Professor Ludwine Messiaen
University of Alabama at Birmingham
Alabama, USA

I am an ABMG board certified clinical molecular geneticist directing the Medical Genomics Laboratory at the University of Alabama at Birmingham (UAB). I am also a professor in human genetics at the Department of Genetics at UAB.

In 1984, I obtained my MS in Biology and in 1990 my PhD in molecular and cancer genetics, both at the University Ghent, Belgium. I developed a comprehensive genetic test for the NF1 gene and have been involved in research projects on Neurofibromatosis type 1 since 1991.

My research is focused on the unbiased characterization of the NF1 germline and somatic mutation spectrum, the molecular delineation of the variant forms of NF1 (spinal NF, segmental NF, (familial) CAL-spots) and the search for genotype-phenotype correlations.

Dr. Anat Stemmer-Rachamimov,
Harvard Medical School &
Massachusetts General Hospital
Boston, Massachusetts, USA

Dr. Stemmer-Rachamimov is a neuropathologist in Massachusetts General Hospital and an associate professor in Harvard Medical School. Her major research and clinical interest is in NF associated lesions, in particular, in nerve sheath tumors. She is interested in the underlying molecular changes in lesions and malformations associated with these syndromes, and her research focuses on identification of markers associated with particular diseases or with tumor progression.

This unique interface of clinical (pathology) and molecular expertise in the NF field has enabled her to contribute to the characterization of these syndromes and their associated lesions; for example, to the formulation of the criteria for diagnosis of schwannomatosis based on clinical and pathological features. In addition, Dr. Stemmer-Rachamimov has been interested in comparative analysis of lesions in mouse models of NF and in setting criteria for their classification and interpretation.

Professor David Viskochil
The University of Utah
Salt Lake City, Utah, USA

David H. Viskochil, MD, PhD, is a clinical geneticist and professor of pediatrics who is co-director of the Neurofibromatosis Clinic at the University of Utah.
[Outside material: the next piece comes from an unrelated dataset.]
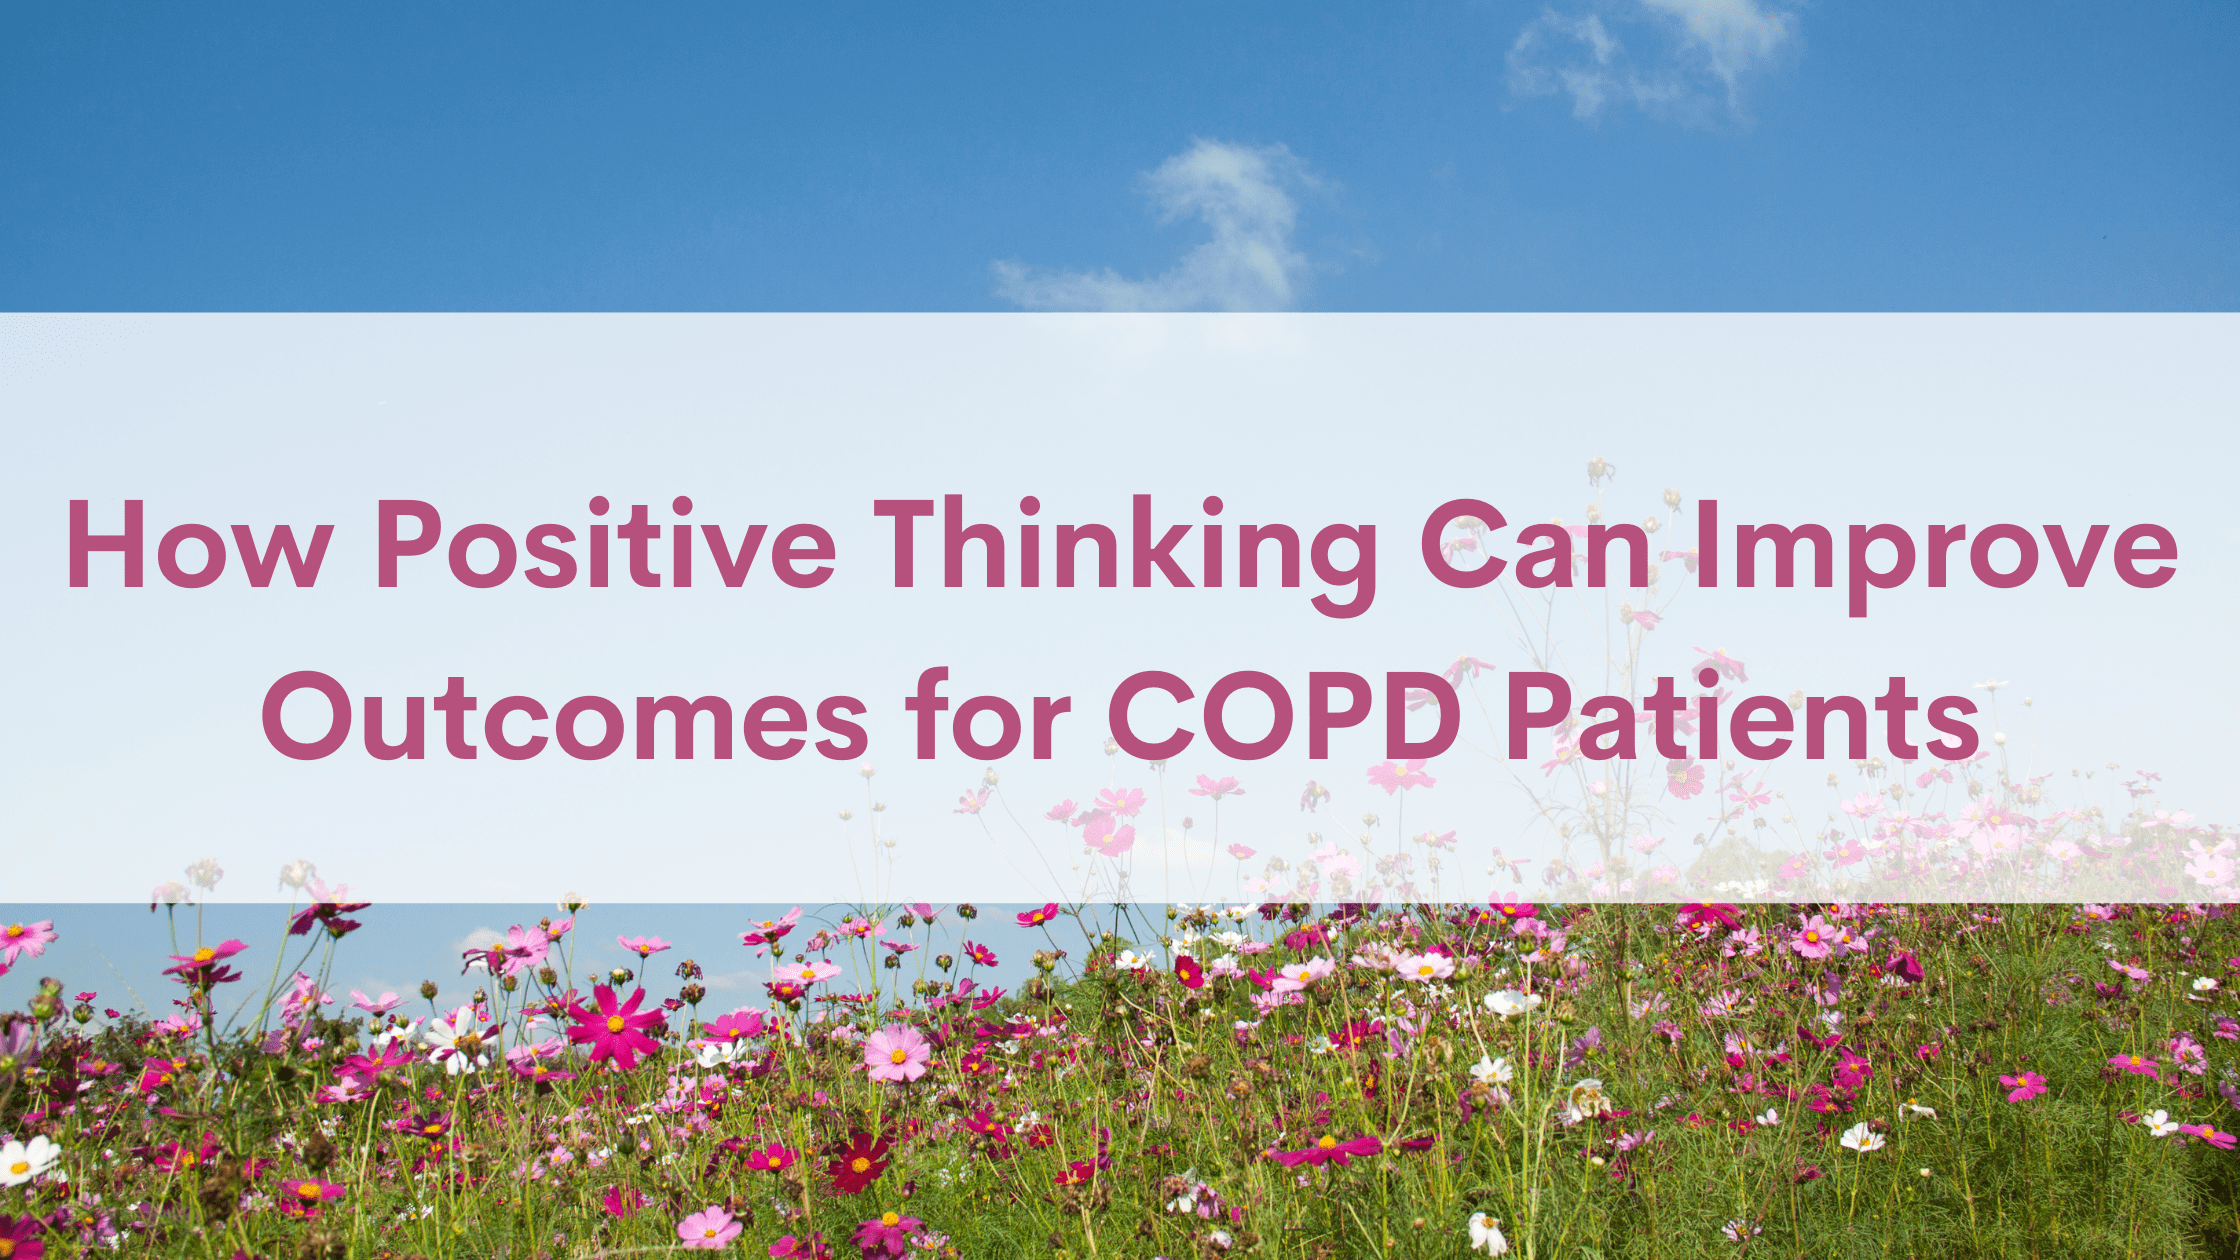 How Positive Thinking Can Improve Outcomes for COPD Patients
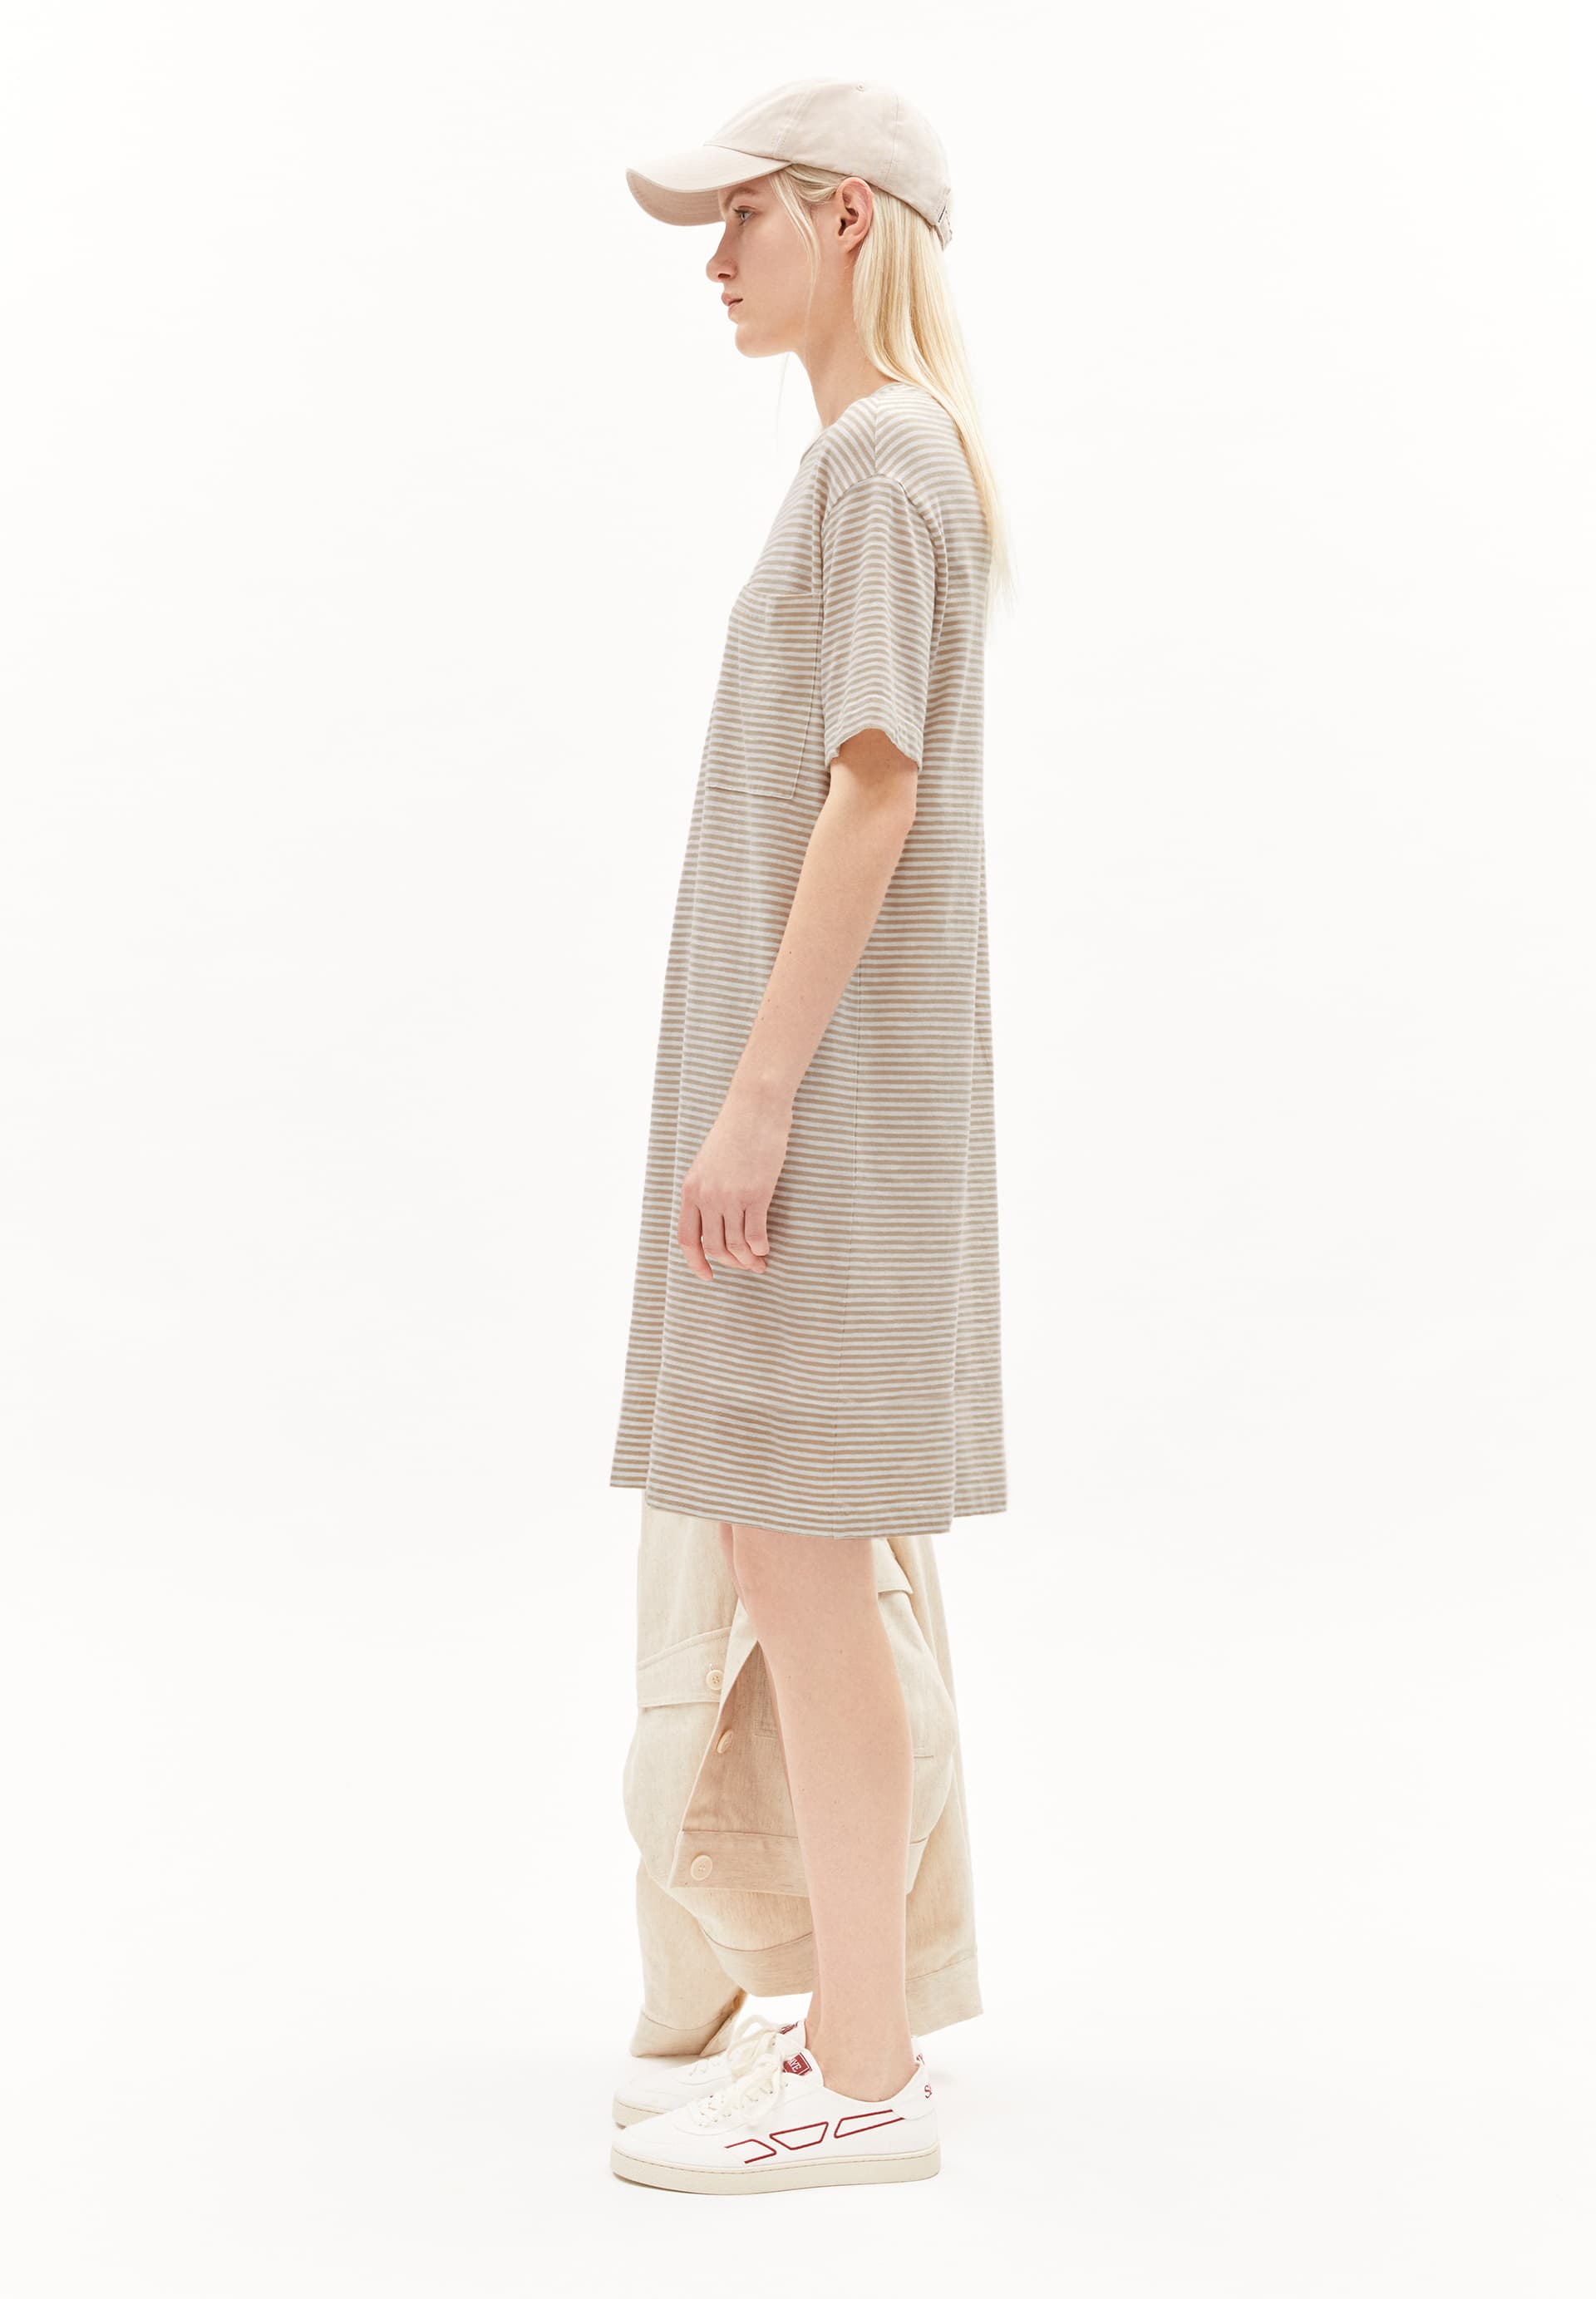 CHAARA LOVELY STRIPES Jersey Dress Relaxed Fit made of Organic Cotton

Dr Viskochil received his bachelor's degree in biology from the University of Arizona and his doctorate in biochemistry and medical degree from the University of North Carolina. He completed his residency and clinical genetics fellowship at the University of Utah.

Dr Viskochil's research focuses on NF1-related issues, specifically in the molecular genetics of NF1 tumors and bone health in NF1. He was the recipient of a Young Investigator Award from the National Neurofibromatosis Foundation (NNFF) in 1988.